Return the lines of the data below exactly. Start at the first and end with the line containing "Gigandet Goldene 18karätige".
Data for the task Start Marker
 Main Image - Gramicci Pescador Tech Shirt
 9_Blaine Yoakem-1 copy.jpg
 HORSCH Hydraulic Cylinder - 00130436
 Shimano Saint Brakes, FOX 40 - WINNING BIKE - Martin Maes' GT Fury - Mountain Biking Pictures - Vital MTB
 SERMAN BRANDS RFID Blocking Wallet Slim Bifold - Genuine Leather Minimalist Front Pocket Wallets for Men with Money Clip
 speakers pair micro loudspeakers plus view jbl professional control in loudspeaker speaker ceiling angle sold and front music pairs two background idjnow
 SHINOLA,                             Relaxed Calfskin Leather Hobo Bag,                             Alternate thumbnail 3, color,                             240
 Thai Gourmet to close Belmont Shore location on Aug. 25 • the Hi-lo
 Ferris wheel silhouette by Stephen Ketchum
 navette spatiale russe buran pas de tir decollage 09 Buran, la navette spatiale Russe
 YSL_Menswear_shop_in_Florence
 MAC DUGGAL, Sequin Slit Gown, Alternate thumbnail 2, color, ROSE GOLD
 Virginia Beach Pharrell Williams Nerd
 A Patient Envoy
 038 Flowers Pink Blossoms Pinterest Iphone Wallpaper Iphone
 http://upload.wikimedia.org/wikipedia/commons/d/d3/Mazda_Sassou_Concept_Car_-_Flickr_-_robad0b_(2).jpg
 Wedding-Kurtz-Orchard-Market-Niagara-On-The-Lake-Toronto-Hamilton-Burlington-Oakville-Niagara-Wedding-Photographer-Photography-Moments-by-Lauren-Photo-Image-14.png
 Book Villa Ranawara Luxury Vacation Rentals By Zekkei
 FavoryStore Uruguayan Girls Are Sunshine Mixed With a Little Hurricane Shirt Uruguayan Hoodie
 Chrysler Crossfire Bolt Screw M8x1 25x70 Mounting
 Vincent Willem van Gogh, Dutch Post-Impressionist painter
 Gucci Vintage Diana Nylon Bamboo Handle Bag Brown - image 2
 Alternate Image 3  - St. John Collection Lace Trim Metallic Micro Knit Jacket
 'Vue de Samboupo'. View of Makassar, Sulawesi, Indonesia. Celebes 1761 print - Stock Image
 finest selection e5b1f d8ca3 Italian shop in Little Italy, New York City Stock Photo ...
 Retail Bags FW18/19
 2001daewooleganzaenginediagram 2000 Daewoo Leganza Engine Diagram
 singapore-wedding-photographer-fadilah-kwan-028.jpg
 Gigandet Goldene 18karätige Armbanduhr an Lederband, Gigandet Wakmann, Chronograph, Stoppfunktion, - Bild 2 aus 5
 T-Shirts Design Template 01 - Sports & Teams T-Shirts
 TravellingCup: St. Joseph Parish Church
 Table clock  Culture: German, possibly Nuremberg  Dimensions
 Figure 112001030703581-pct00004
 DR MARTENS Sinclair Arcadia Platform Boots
Data for the task End Marker
> Answer to this problem
 Main Image - Gramicci Pescador Tech Shirt
 9_Blaine Yoakem-1 copy.jpg
 HORSCH Hydraulic Cylinder - 00130436
 Shimano Saint Brakes, FOX 40 - WINNING BIKE - Martin Maes' GT Fury - Mountain Biking Pictures - Vital MTB
 SERMAN BRANDS RFID Blocking Wallet Slim Bifold - Genuine Leather Minimalist Front Pocket Wallets for Men with Money Clip
 speakers pair micro loudspeakers plus view jbl professional control in loudspeaker speaker ceiling angle sold and front music pairs two background idjnow
 SHINOLA,                             Relaxed Calfskin Leather Hobo Bag,                             Alternate thumbnail 3, color,                             240
 Thai Gourmet to close Belmont Shore location on Aug. 25 • the Hi-lo
 Ferris wheel silhouette by Stephen Ketchum
 navette spatiale russe buran pas de tir decollage 09 Buran, la navette spatiale Russe
 YSL_Menswear_shop_in_Florence
 MAC DUGGAL, Sequin Slit Gown, Alternate thumbnail 2, color, ROSE GOLD
 Virginia Beach Pharrell Williams Nerd
 A Patient Envoy
 038 Flowers Pink Blossoms Pinterest Iphone Wallpaper Iphone
 http://upload.wikimedia.org/wikipedia/commons/d/d3/Mazda_Sassou_Concept_Car_-_Flickr_-_robad0b_(2).jpg
 Wedding-Kurtz-Orchard-Market-Niagara-On-The-Lake-Toronto-Hamilton-Burlington-Oakville-Niagara-Wedding-Photographer-Photography-Moments-by-Lauren-Photo-Image-14.png
 Book Villa Ranawara Luxury Vacation Rentals By Zekkei
 FavoryStore Uruguayan Girls Are Sunshine Mixed With a Little Hurricane Shirt Uruguayan Hoodie
 Chrysler Crossfire Bolt Screw M8x1 25x70 Mounting
 Vincent Willem van Gogh, Dutch Post-Impressionist painter
 Gucci Vintage Diana Nylon Bamboo Handle Bag Brown - image 2
 Alternate Image 3  - St. John Collection Lace Trim Metallic Micro Knit Jacket
 'Vue de Samboupo'. View of Makassar, Sulawesi, Indonesia. Celebes 1761 print - Stock Image
 finest selection e5b1f d8ca3 Italian shop in Little Italy, New York City Stock Photo ...
 Retail Bags FW18/19
 2001daewooleganzaenginediagram 2000 Daewoo Leganza Engine Diagram
 singapore-wedding-photographer-fadilah-kwan-028.jpg
 Gigandet Goldene 18karätige Armbanduhr an Lederband, Gigandet Wakmann, Chronograph, Stoppfunktion, - Bild 2 aus 5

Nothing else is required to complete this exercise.